>>>>>

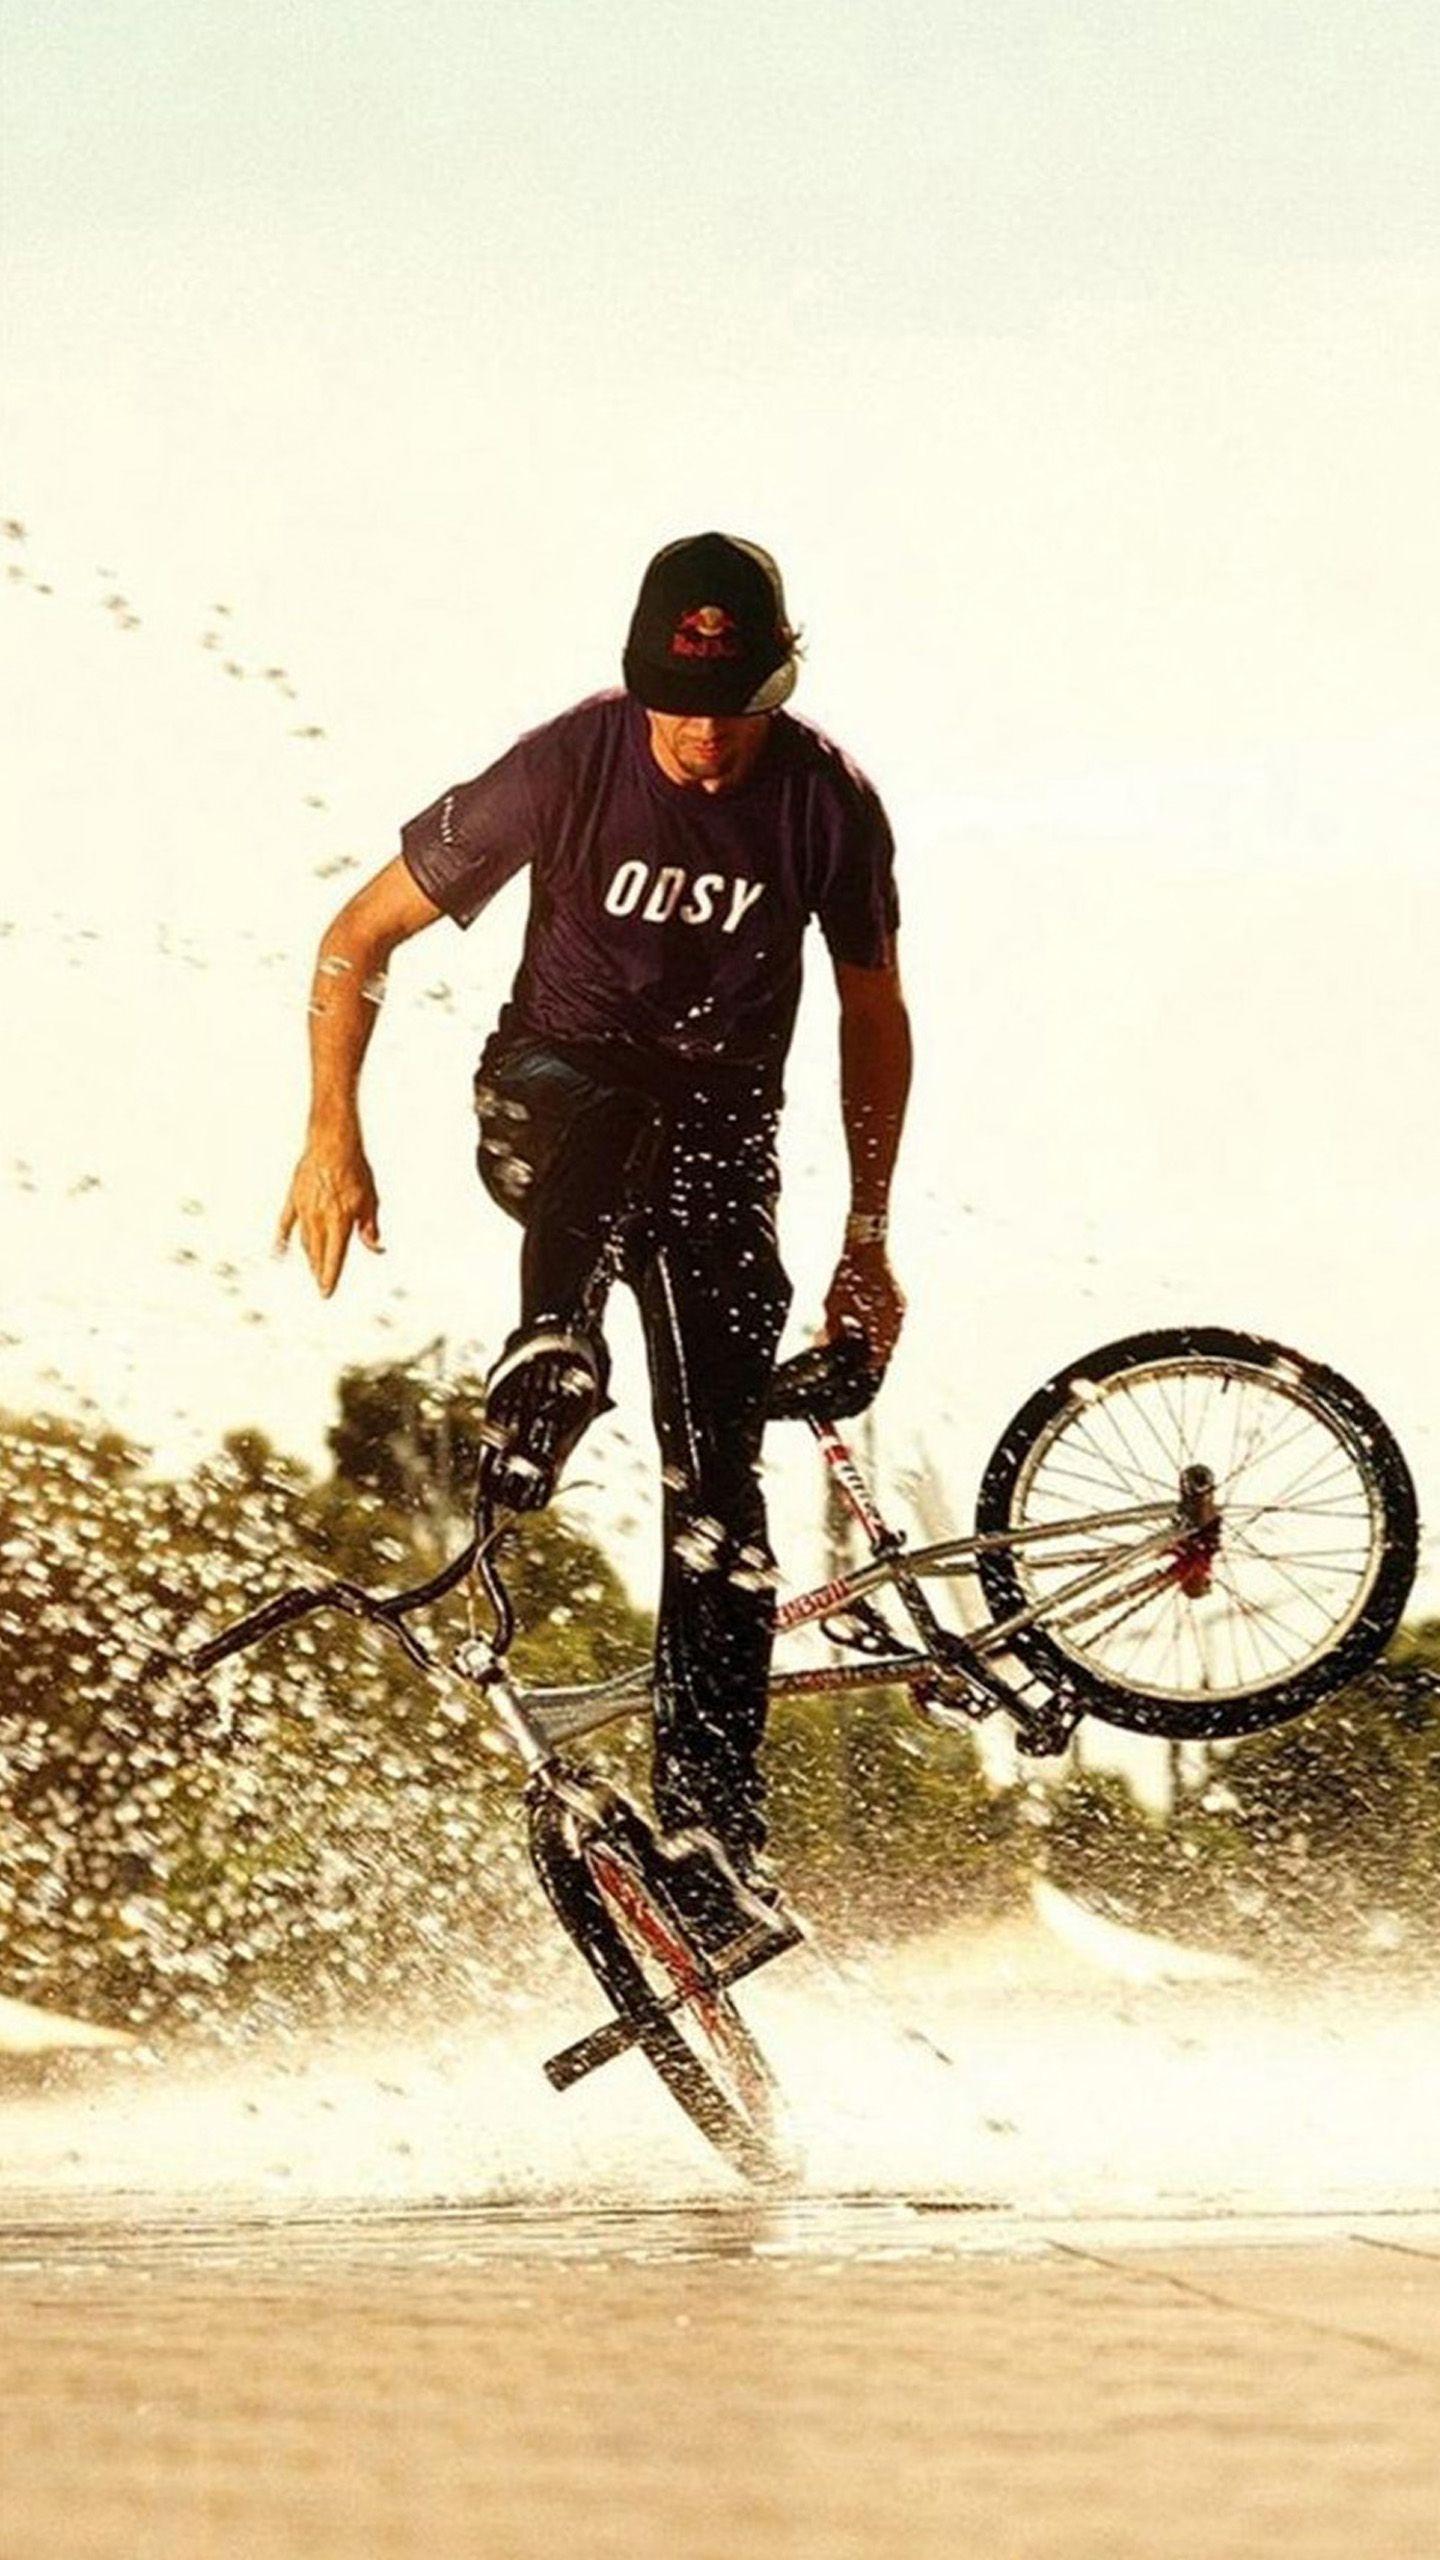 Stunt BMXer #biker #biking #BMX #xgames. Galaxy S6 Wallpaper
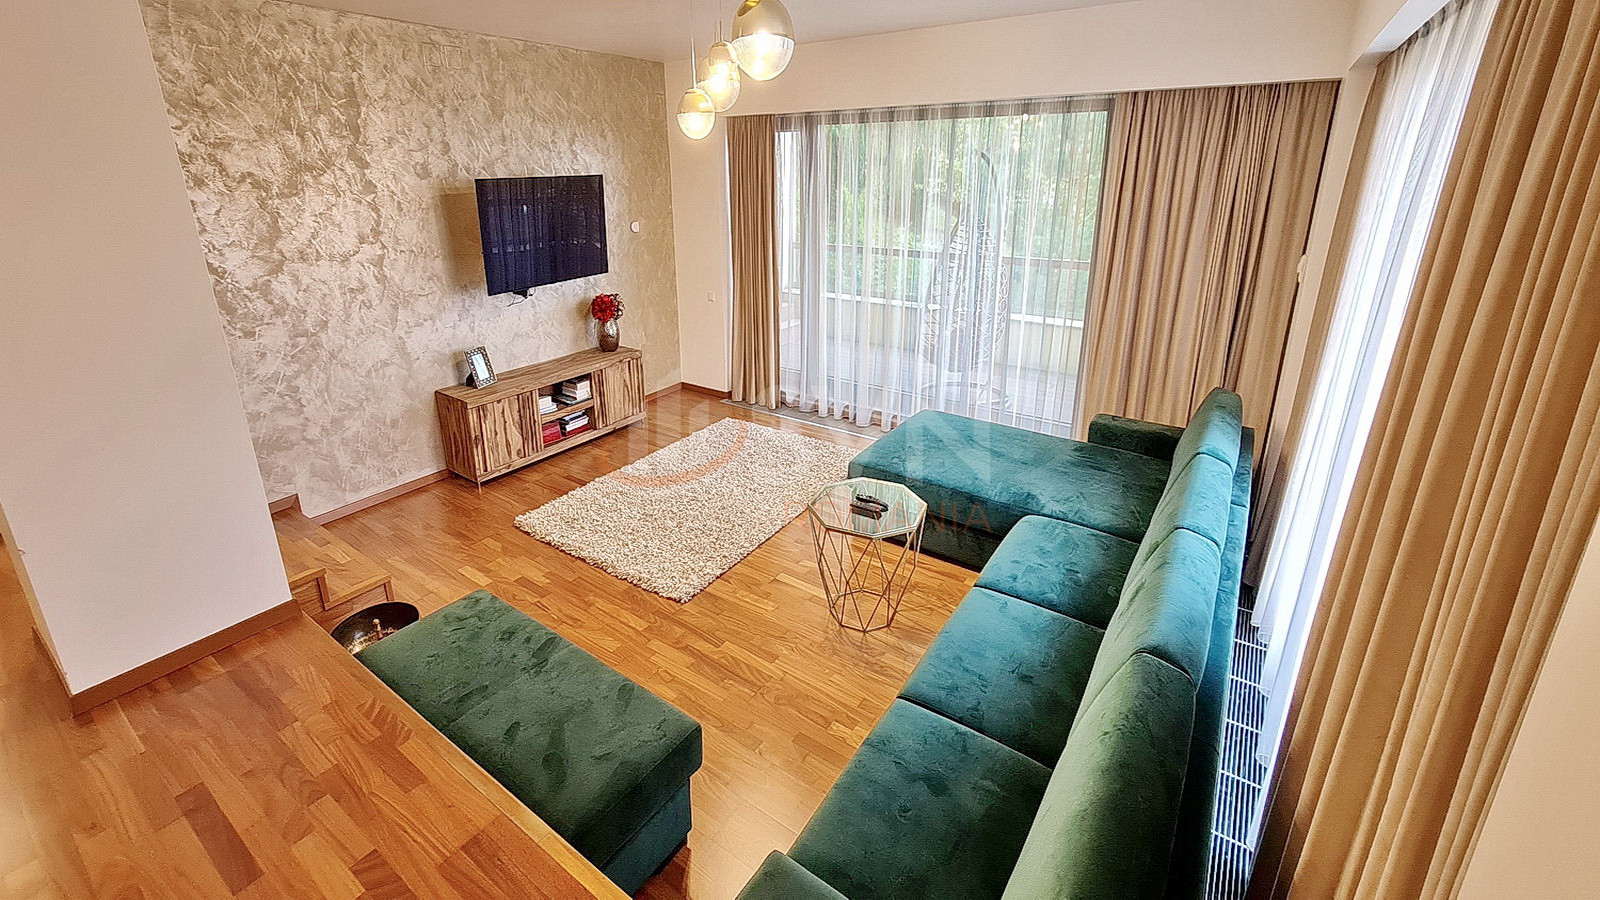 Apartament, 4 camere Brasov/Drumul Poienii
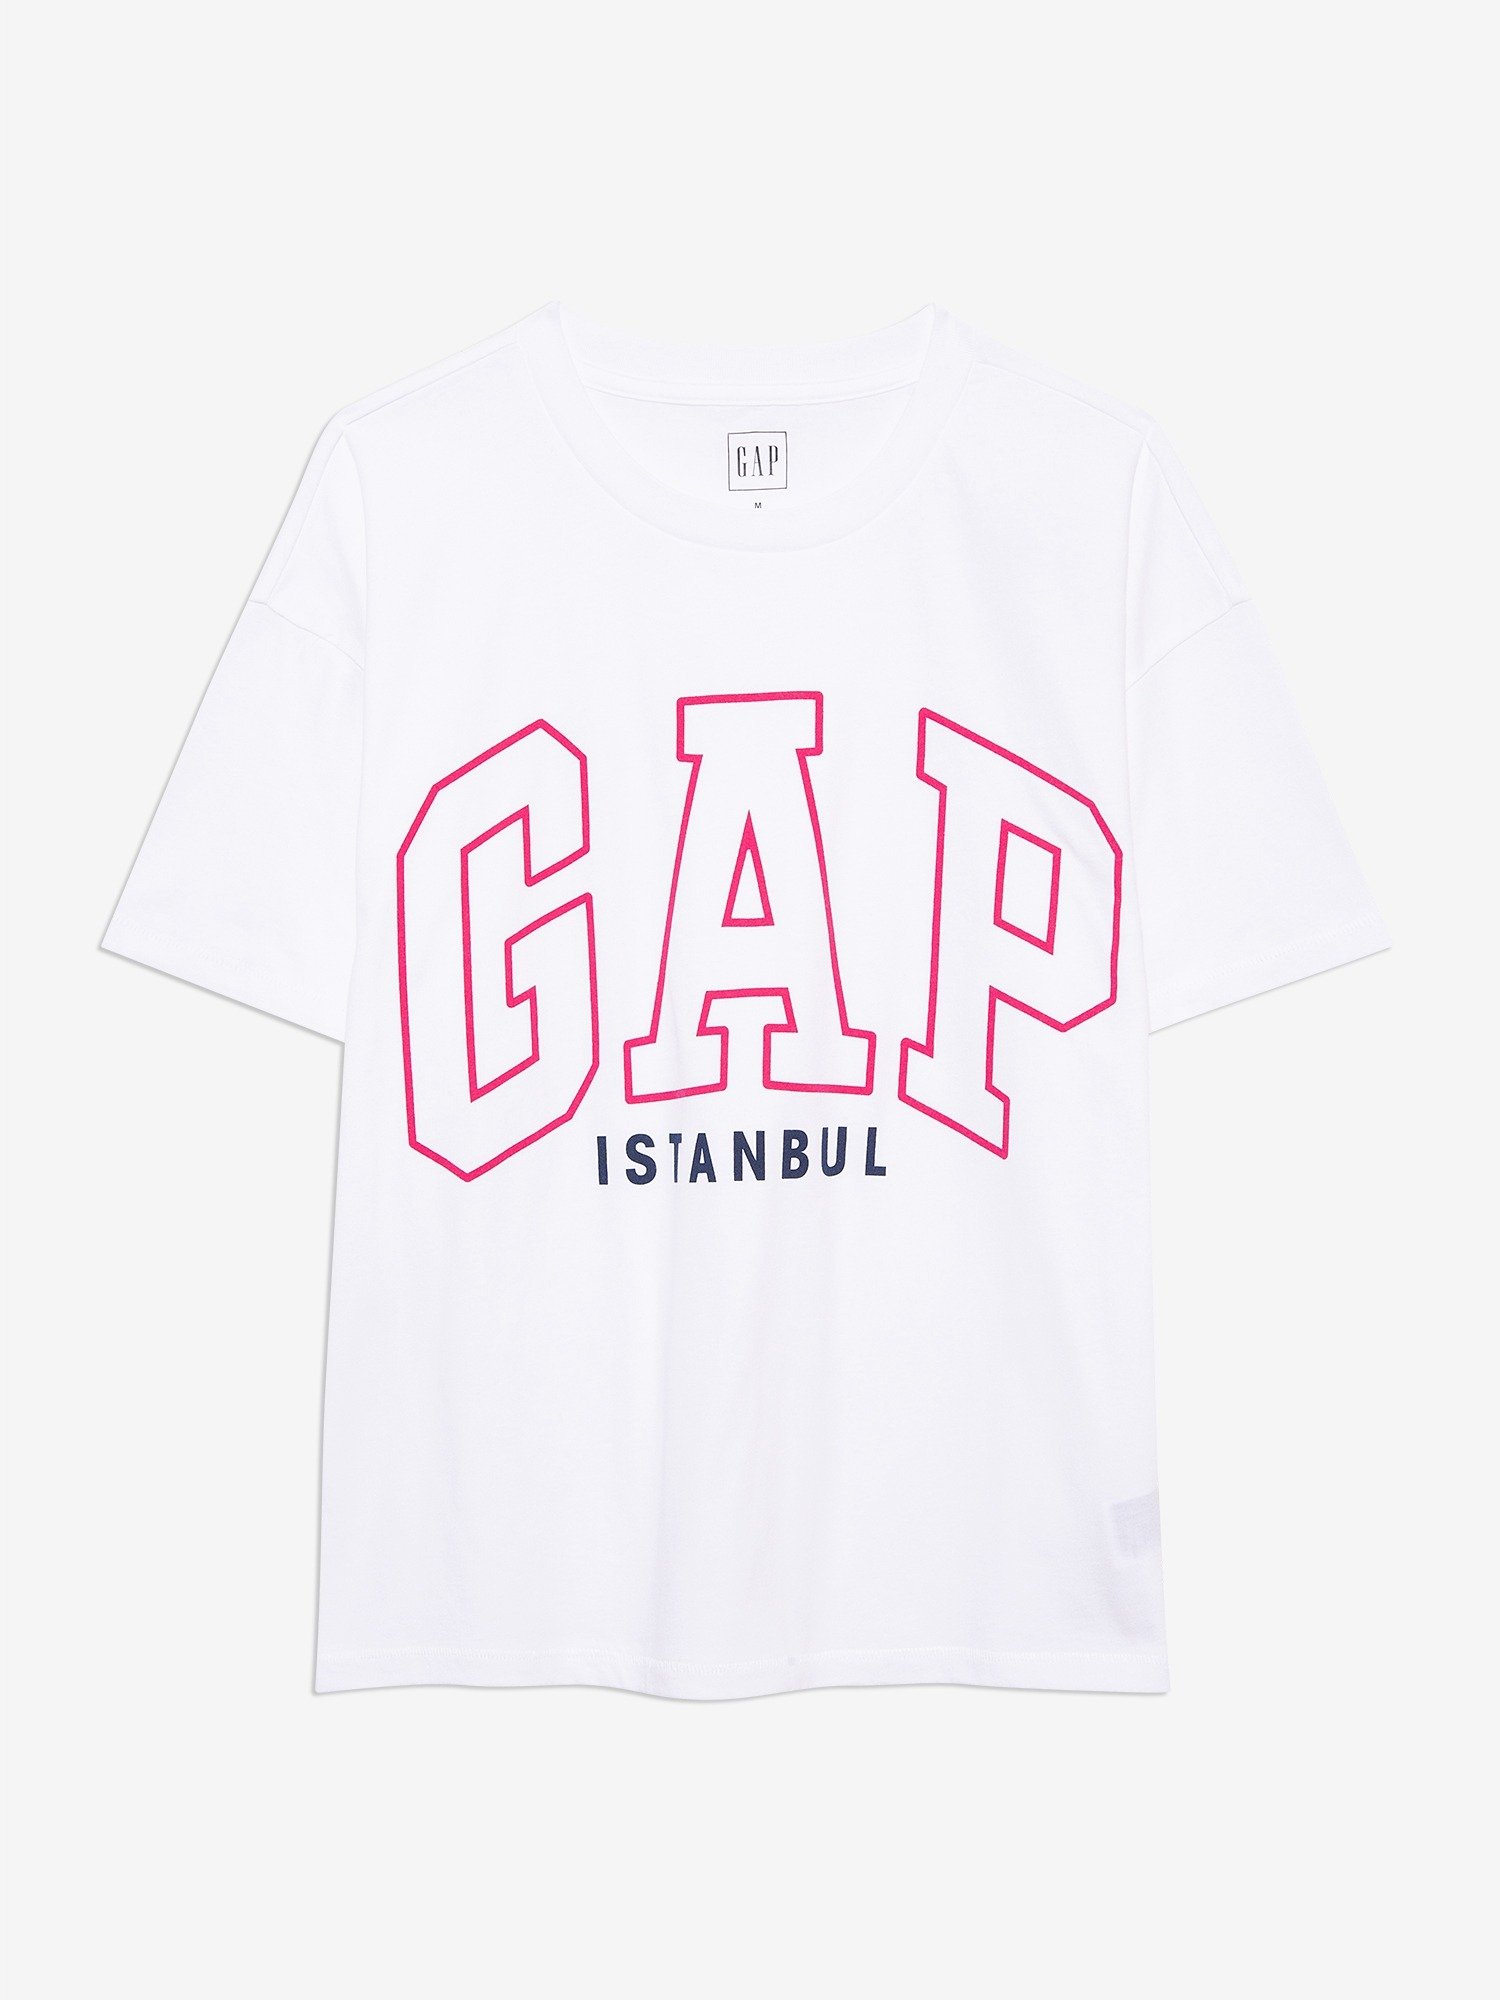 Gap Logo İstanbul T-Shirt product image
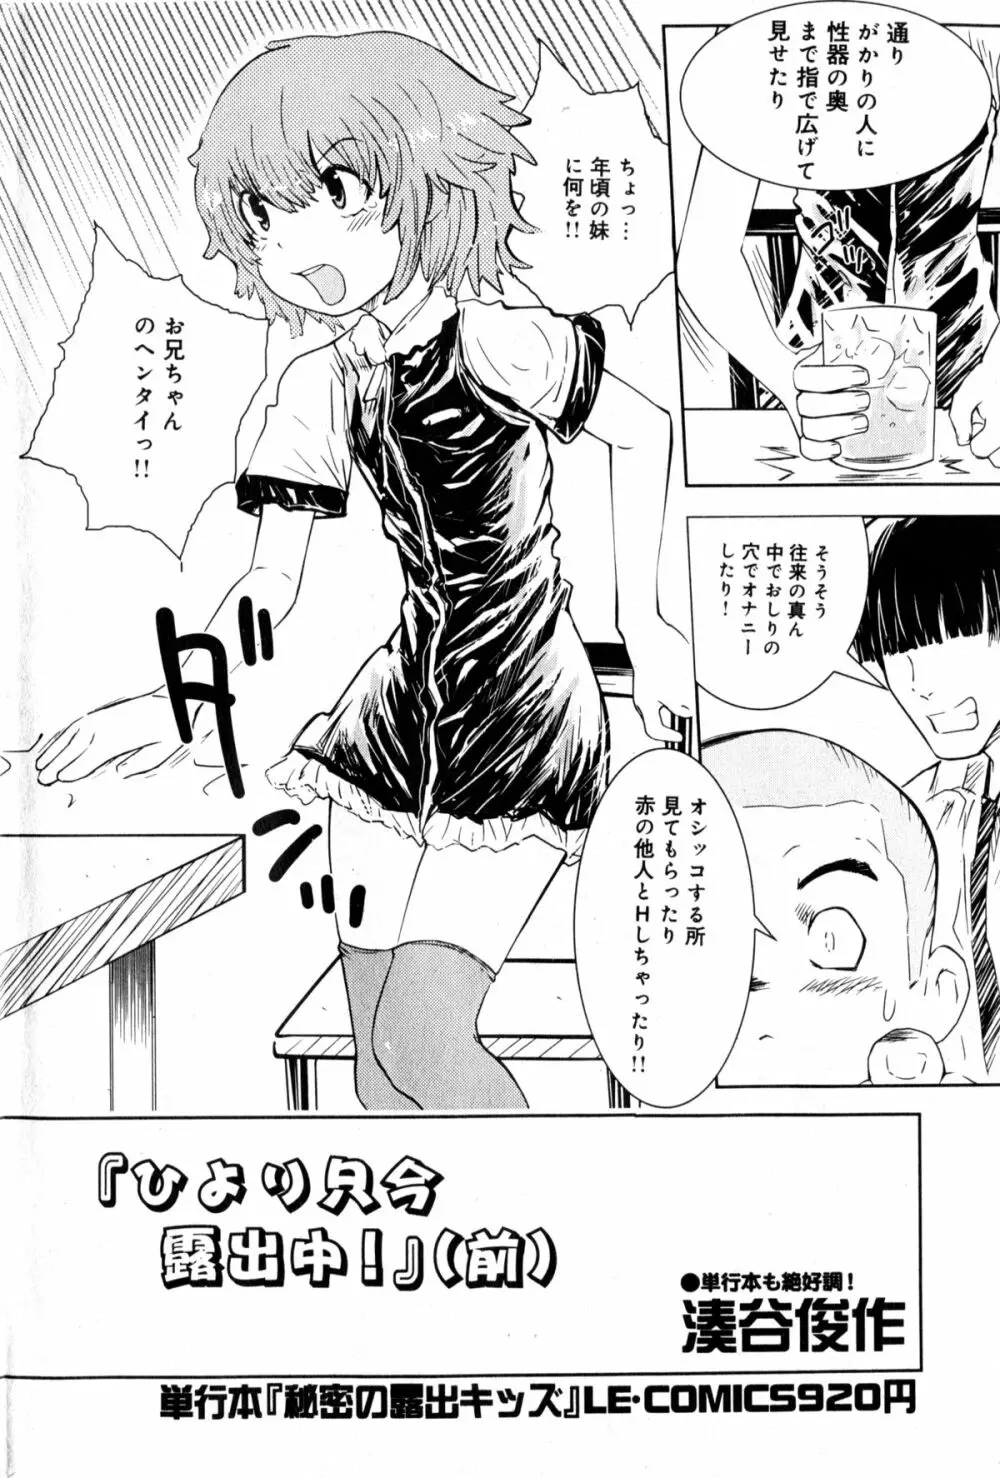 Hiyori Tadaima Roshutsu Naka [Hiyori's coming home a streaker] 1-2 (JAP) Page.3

<<<<<

• _Exercise prompt_:
The reply must hold every line above exactly as written and none of the pictures.

• _Solution to this problem_:
 Stunt BMXer #biker #biking #BMX #xgames. Galaxy S6 Wallpaper
 Apartament, 4 camere Brasov/Drumul Poienii
 Gap Logo İstanbul T-Shirt product image
 Hiyori Tadaima Roshutsu Naka [Hiyori's coming home a streaker] 1-2 (JAP) Page.3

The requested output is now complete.